For example, if you want to implement your own average operator for grouped aggregation rather than use LINQ’s built-in Average operator, you could write the following query.
string intData = ...
var query =
context.FromDsc<long>(intData)
.GroupBy(x => x % 10,
(key, seq) =>
new KeyValuePair<long, double>(
key,
(double)seq.Sum / (double) seq.Count));
LINQ to HPC can create local partial results for the Sum and Count components of the query without copying any of the input records, and then perform the final division to calculate the average, when all of the intermediate results have been combined.
The value of the LINQ to HPC approach is that it greatly simplifies the programming model for grouped aggregation applications, while automatically placing the partial reduction operations into the optimized query plan.
The LINQ to HPC approach is in some ways analogous to the optimizations that a SQL query optimizer might apply to a SQL query plan. However, the expression trees in LINQ to HPC use strongly typed expressions of .NET languages, and the rewrite rules take into consideration the semantics of the host programming language, as well as the language-integrated query language.
Note |
|---|
| For more information about how LINQ to HPC handles grouped aggregation, see Distributed Aggregation for Data-Parallel Computing: Interfaces and Implementations. |
Using the [Decomposable] attribute for grouped aggregation
LINQ to HPC can integrate user-defined aggregation expressions into the optimizations it performs for distributed grouped aggregations. If you apply the [Decomposable] custom attribute to your own reduction method, LINQ to HPC can apply the distributed grouped aggregation optimizations to any kind of aggregation that you implement. A user-defined decomposable aggregation operator can be used anywhere that a decomposable built-in aggregation operator can be used.

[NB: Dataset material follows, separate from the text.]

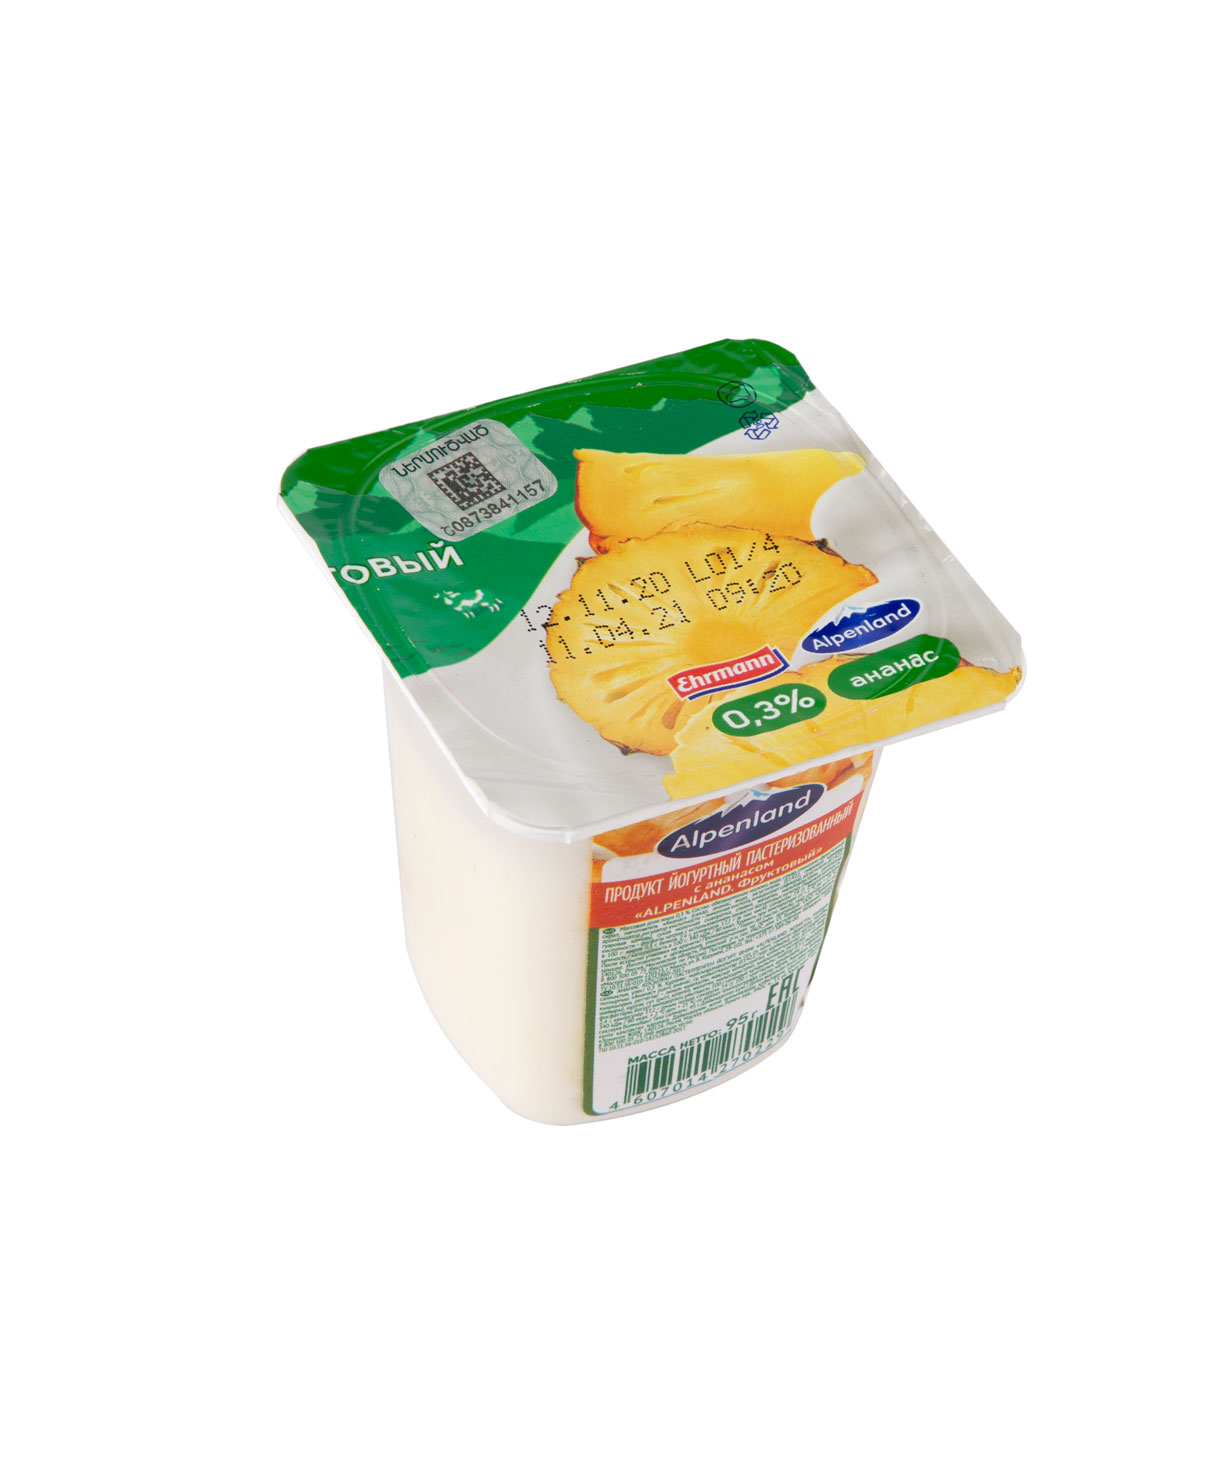 Yogurt product

The [Decomposable] attribute enables you to specify a user-provided class that provides methods that correspond to the three aspects of decomposition. The class you associate with the [Decomposable] attribute must implement either the IDecomposable interface or the IDecomposableRecursive interface.

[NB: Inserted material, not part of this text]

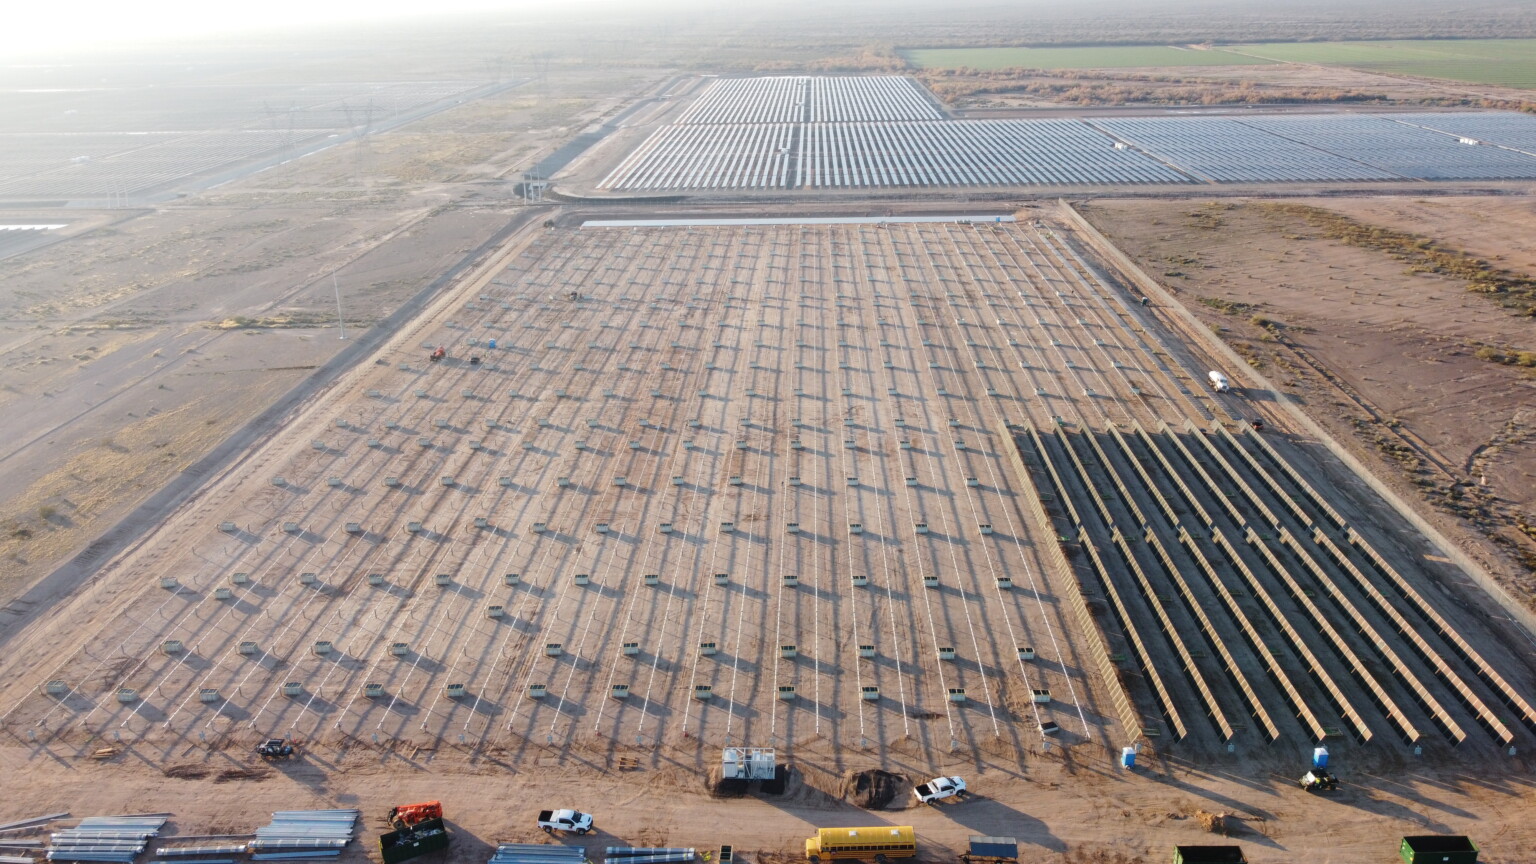 solar panels, ground mount solar, utility scale solar, solar farm, solar plant, renewable energy

Here are the definitions of the IDecomposable and IDecomposableRecursive interfaces.
public interface IDecomposable<TSource, TCombine, TReduce>
{
TCombine Combine(IEnumerable<TSource> source);
TReduce Reduce(IEnumerable<TCombine> combinedValues);
}
public interface IDecomposableRecursive<TSource, TCombine, TReduce>
{
TCombine Combine(IEnumerable<TSource> source);
TCombine RecursiveCombine(IEnumerable<TCombine> combinedValues);
TReduce Reduce(IEnumerable<TCombine> combinedValues);
}
Implement the IDecomposableRecursive interface if you want LINQ to HPC to perform aggregation by using a multiphase merge stage. In this case, an intermediate combination operator, which is defined by the RecursiveCombine method, may be repeatedly applied in order to reduce a tree of partial results prior to the final reduce phase (the Reduce method). Implement the IDecomposable interface if you want the local partial reductions to be collected and subsequently aggregated in a single, final reduction phase. In other words, you have the choice of a two-step algorithm (by using IDecomposable) or a multiphase algorithm (by using IDecomposableRecursive). The two-step approach is often slower than the multiphase approach.
Here are the methods of the IDecomposable and IDecomposableRecursive interfaces.
-
The Combine method performs the local partial reduction. The method is invoked in a distributed manner, one time for each DSC file in the input file set.
-
The RecursiveCombine method, which is present only in the IDecomposableRecursive interface, combines the local partial reductions into intermediate aggregated values of the same type. The LINQ to HPC runtime may invoke the RecursiveCombine method multiple times as part of a multiphase merge stage.
-
The Reduce method processes the results of a local partial reduction (in the case of the IDecomposable interface) or intermediate aggregated values (in the case of the IDEcomposableRecursive interface). The Reduce method returns a single value; however, if you want multiple values, there is nothing that prevents you from instantiating the TReduce type parameter with an enumerable type.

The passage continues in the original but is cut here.